Перспектива вскарабкаться на особняк в итальянском стиле, с угловой облицовочной кладкой и декоративными кронштейнами, выглядела заманчиво. Однако, каким бы легким это ни казалось, не все можно решить таким образом. Предположим, я перелезу через ограду, заберусь в окно башни, не попавшись никому на глаза, и отыщу миссис Таппер. А что потом? Вряд ли она вылезет со мной в окно и спустится по стене.
Хм.
Обычно я добивалась своего хитростью или подкупом. Только в этот раз мне приходилось иметь дело с людьми состоятельными, которым и без меня деньги оттягивали карманы. Поскольку ни один из моих методов сейчас не пригодился бы, я была вынуждена прибегнуть к новому.
Видите ли, из справочника Бойлса я узнала, что лорд Сидни Уимбрел оставил после себя двух сыновей: старшего Родни, который и стал новым лордом Уимбрелом, и младшего Джеффри.
Теперь, только теперь я поняла, какое значение имели для меня те сплетни, которые я подслушала в Женском клубе! Родни? Джеффри? Нет, однозначно, это не было совпадением. Тем более что первый недавно вошел в палату лордов, и неудивительно, что о нем начали судачить.
Если верить тем милым дамам, Родни был человеком добросердечным, а значит, к нему можно было обратиться с просьбой освободить миссис Таппер. Если младший, менее порядочный брат, еще от нее не избавился... Мне не хотелось верить, что потомок уважаемого лорда Сидни Уимбрела способен на такую низость — однако что еще он мог с ней сделать после того, как похитил и выпытал нужную ему информацию?!
Нет, к черту логику!
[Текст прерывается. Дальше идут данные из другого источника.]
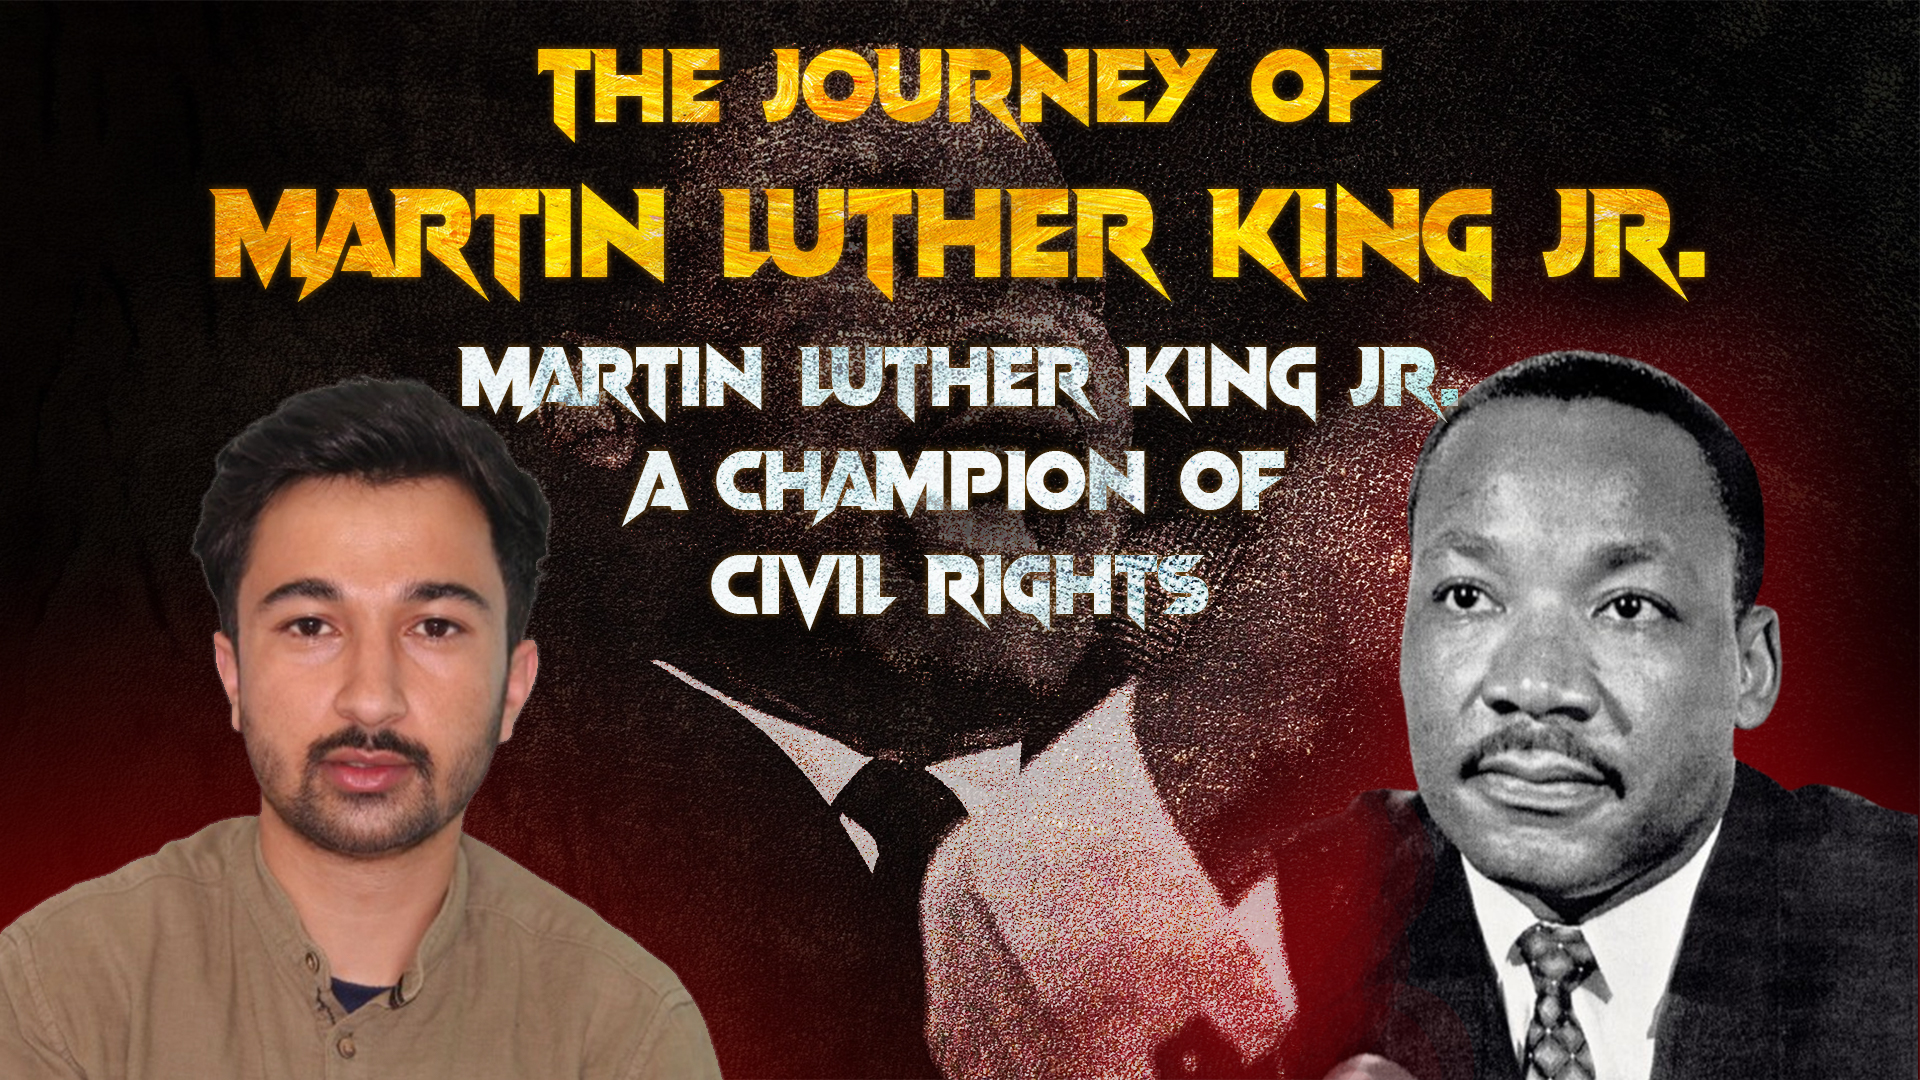 he Journey of Martin Luther King Jr.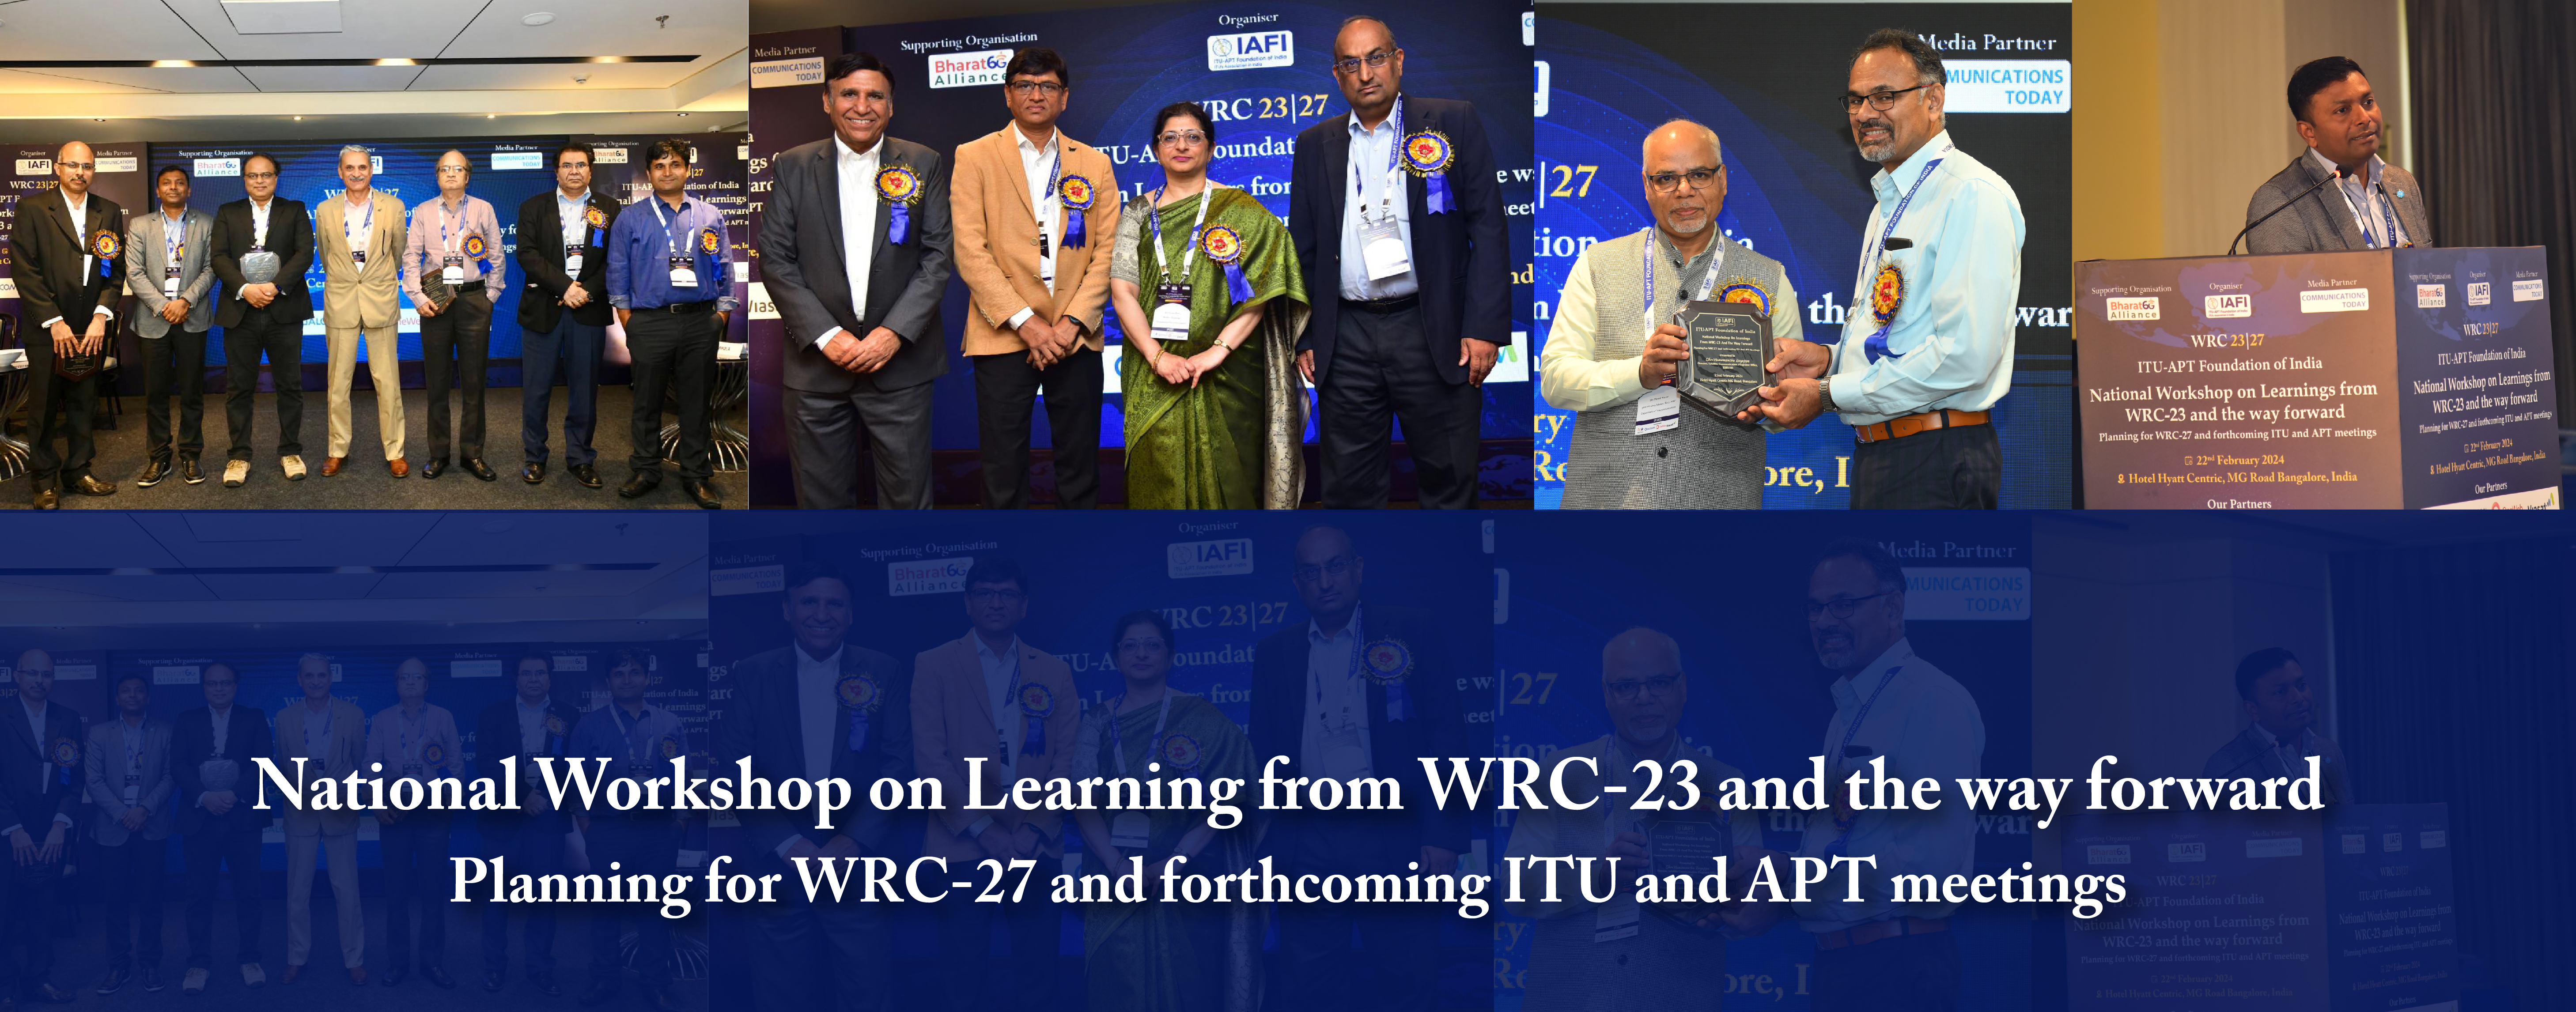 Learnings from WRC-23 and the way forward Planning for WRC-27 and forthcoming ITU and APT meetings

От нее только щемит сердце. Да и вдруг она заставила меня пойти по неверной дороге? Вдруг, войдя в Уимбрел-холл, я выставлю себя полной дурой или, того хуже, уже не выйду обратно?
Энола, если ты не будешь полностью в себе уверена, у тебя ничего не получится. Продумай план. Не спеши.
Так я и поступила. И тут же обнаружила, что не одна наблюдаю за особняком. Бедняк с седой бородой бродил вдоль канавы, будто что-то там выглядывая. Судя по качественной, как у джентльмена, одежде, он не был попрошайкой. Сгорбившийся от старости, он опирался на трость, что, однако, не скрывало его высокого роста, лицо старика пугало мертвенной бледностью, но из-за громадных усов и тени обрезанного цилиндра черт было не разобрать. Здесь следует объяснить, что такие шляпы быстро портятся от пота, после чего их обычно отдают в какую-нибудь лавку поношенной одежды, где запачканную часть срезают, а затем уже укороченный цилиндр пришивают обратно к полям. Получается обрезанный цилиндр — совсем как у этого бедного бродяги, у которого шляпа проходила этот процесс, судя по всему, не менее трех раз.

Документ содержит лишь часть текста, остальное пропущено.